* _Collected data_
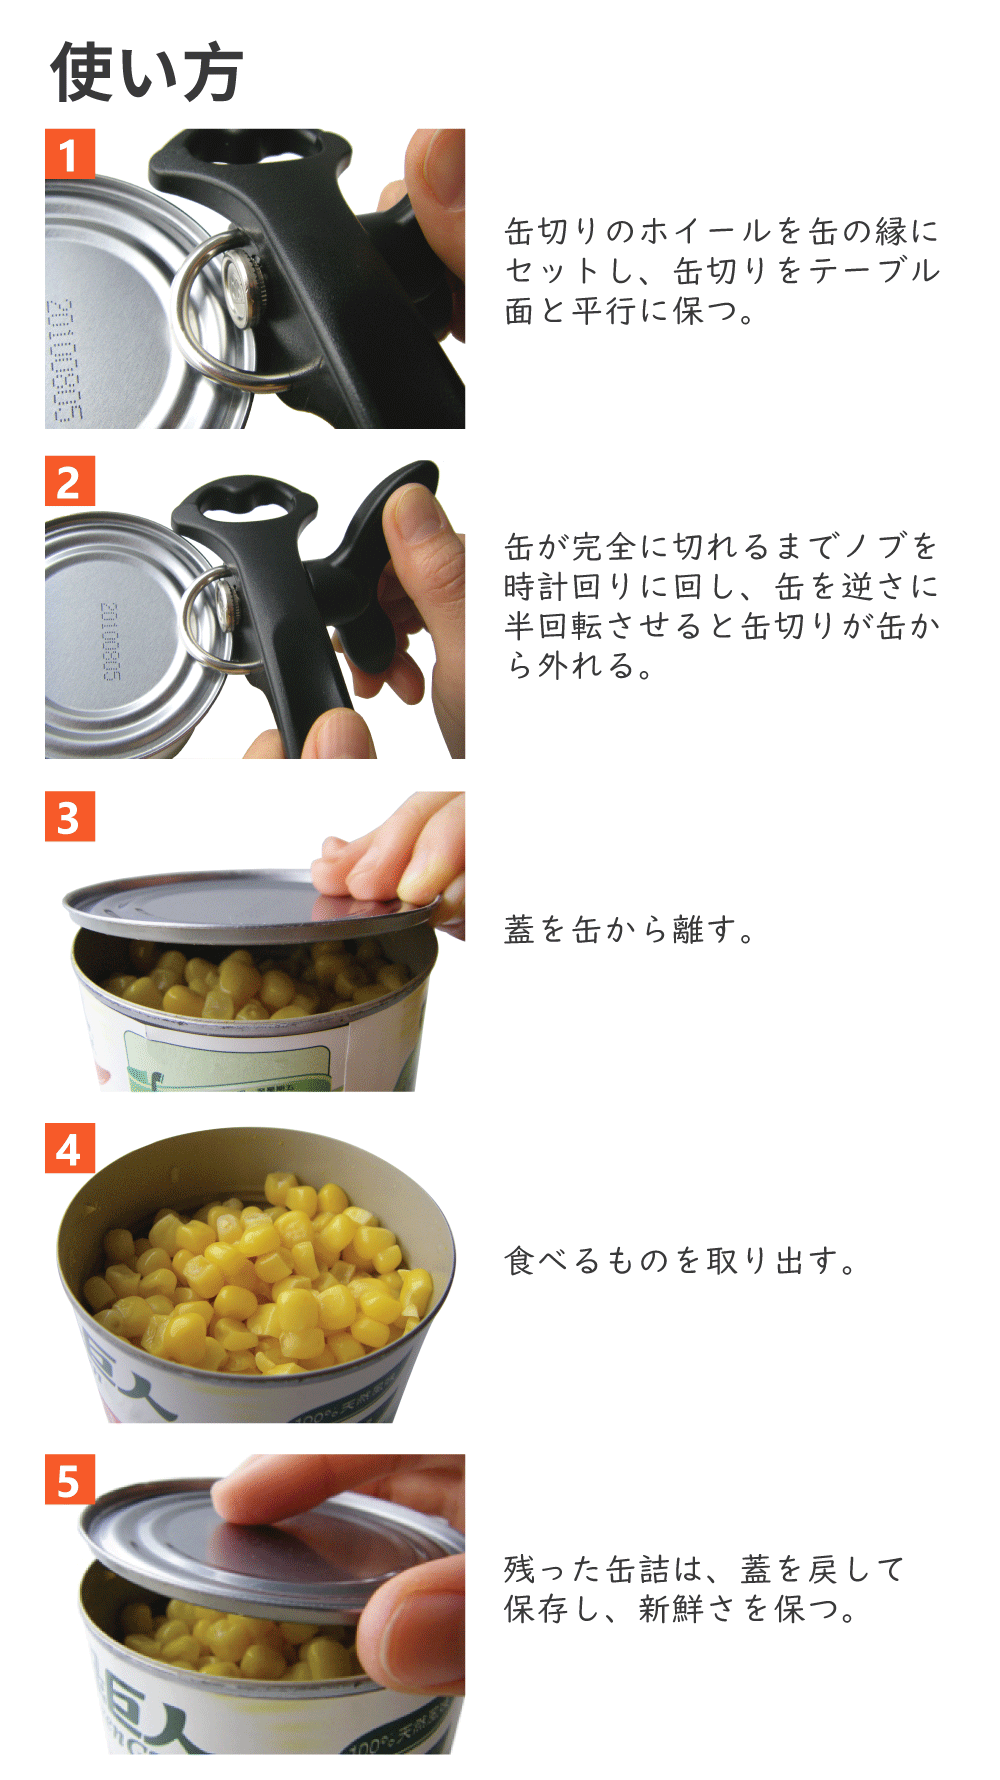 How to use safety can opener
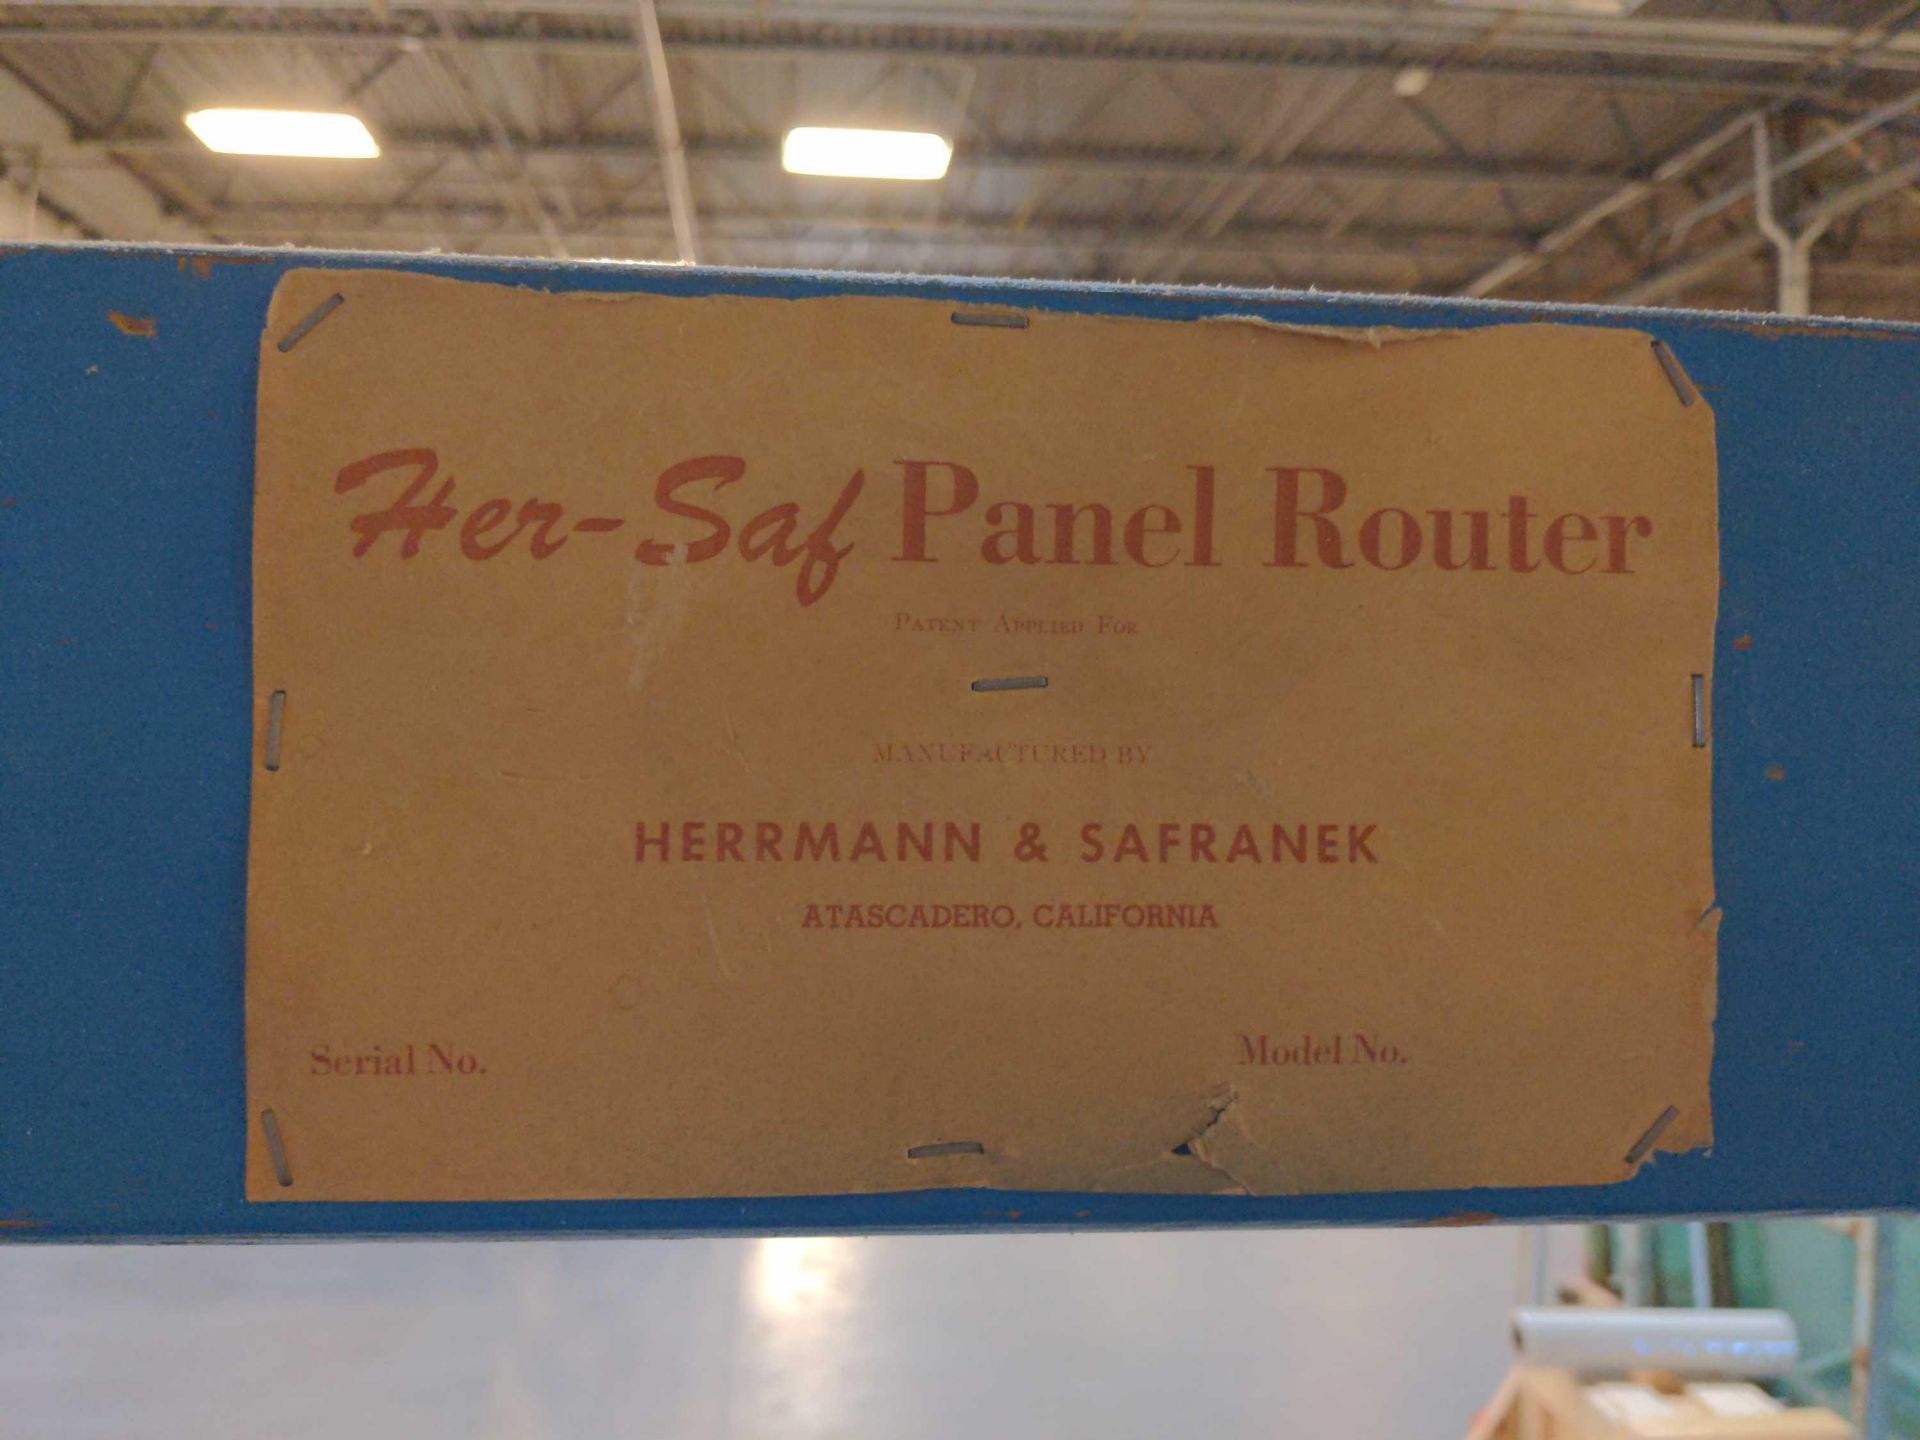 Her-Saf Panel Router - Image 5 of 6
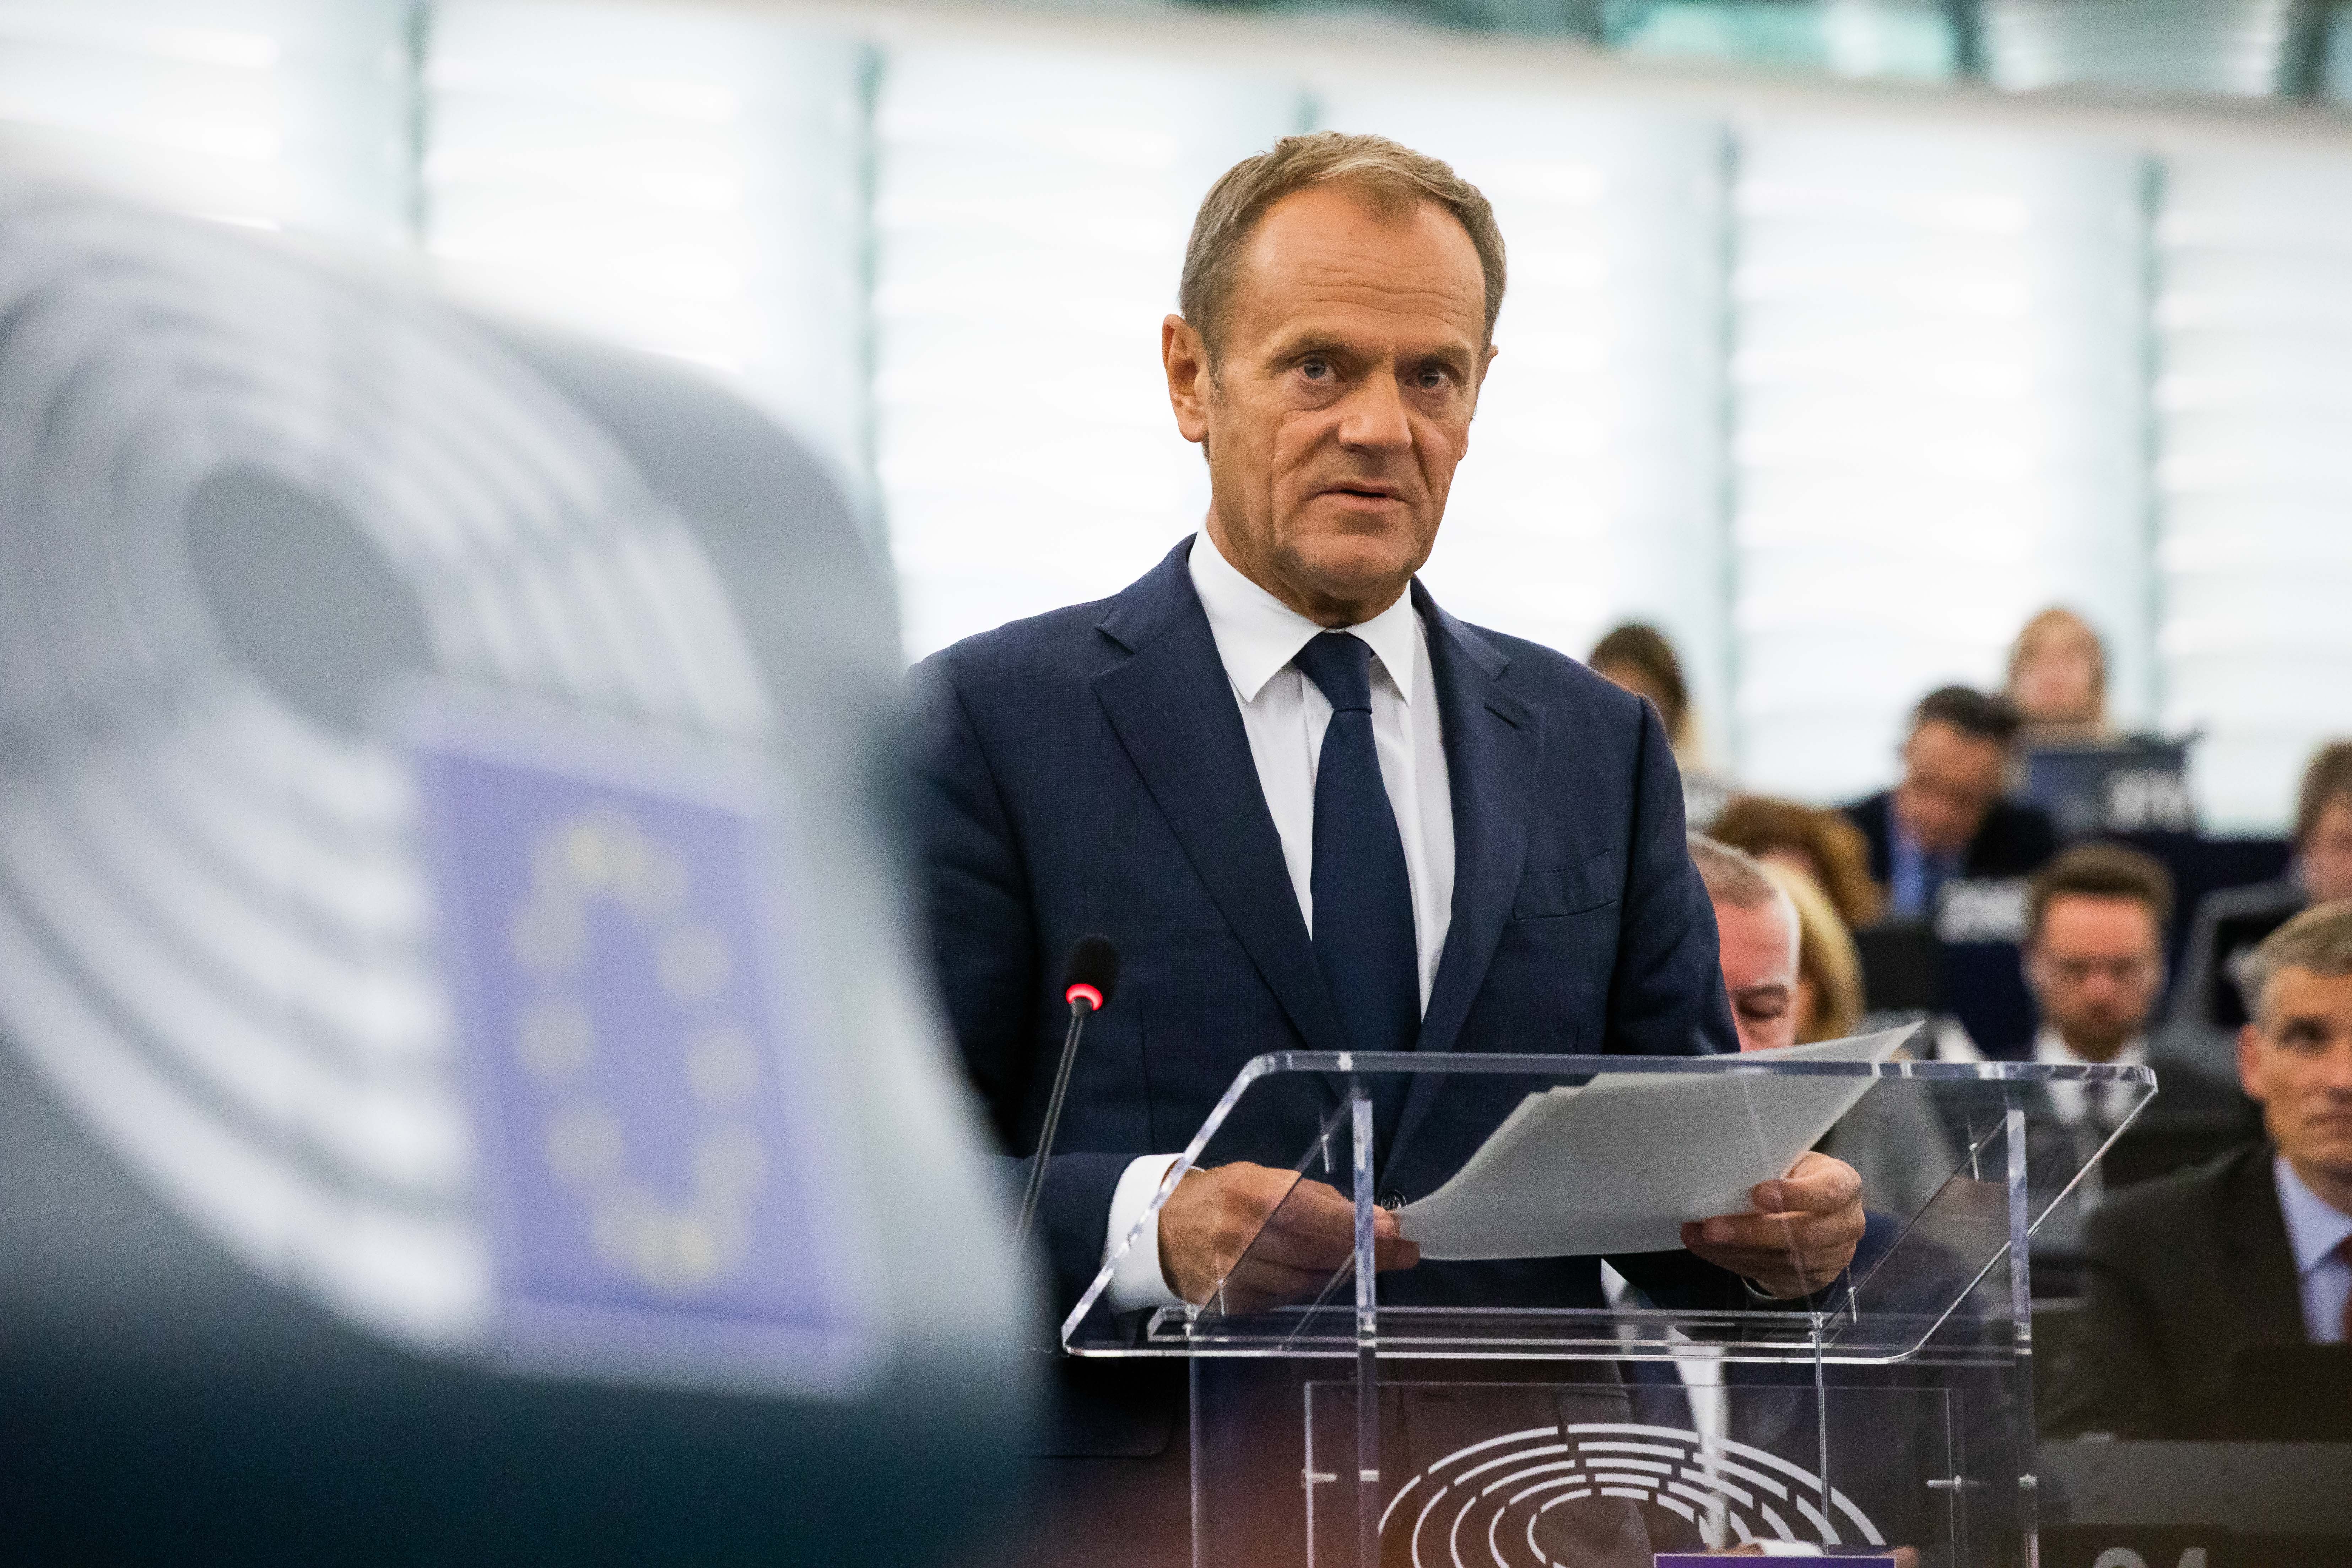 Donald Tusk, President of the European Council, speaks at a session of the European Parliament. Photo: DPA

* _Task instructions_
With the pictures excluded, retype exactly the lines from the one containing "Her-Saf Panel Router - Image 5 of 6" through the last line of the listing, both ends included.

* _Response box_
 Her-Saf Panel Router - Image 5 of 6
 Donald Tusk, President of the European Council, speaks at a session of the European Parliament. Photo: DPA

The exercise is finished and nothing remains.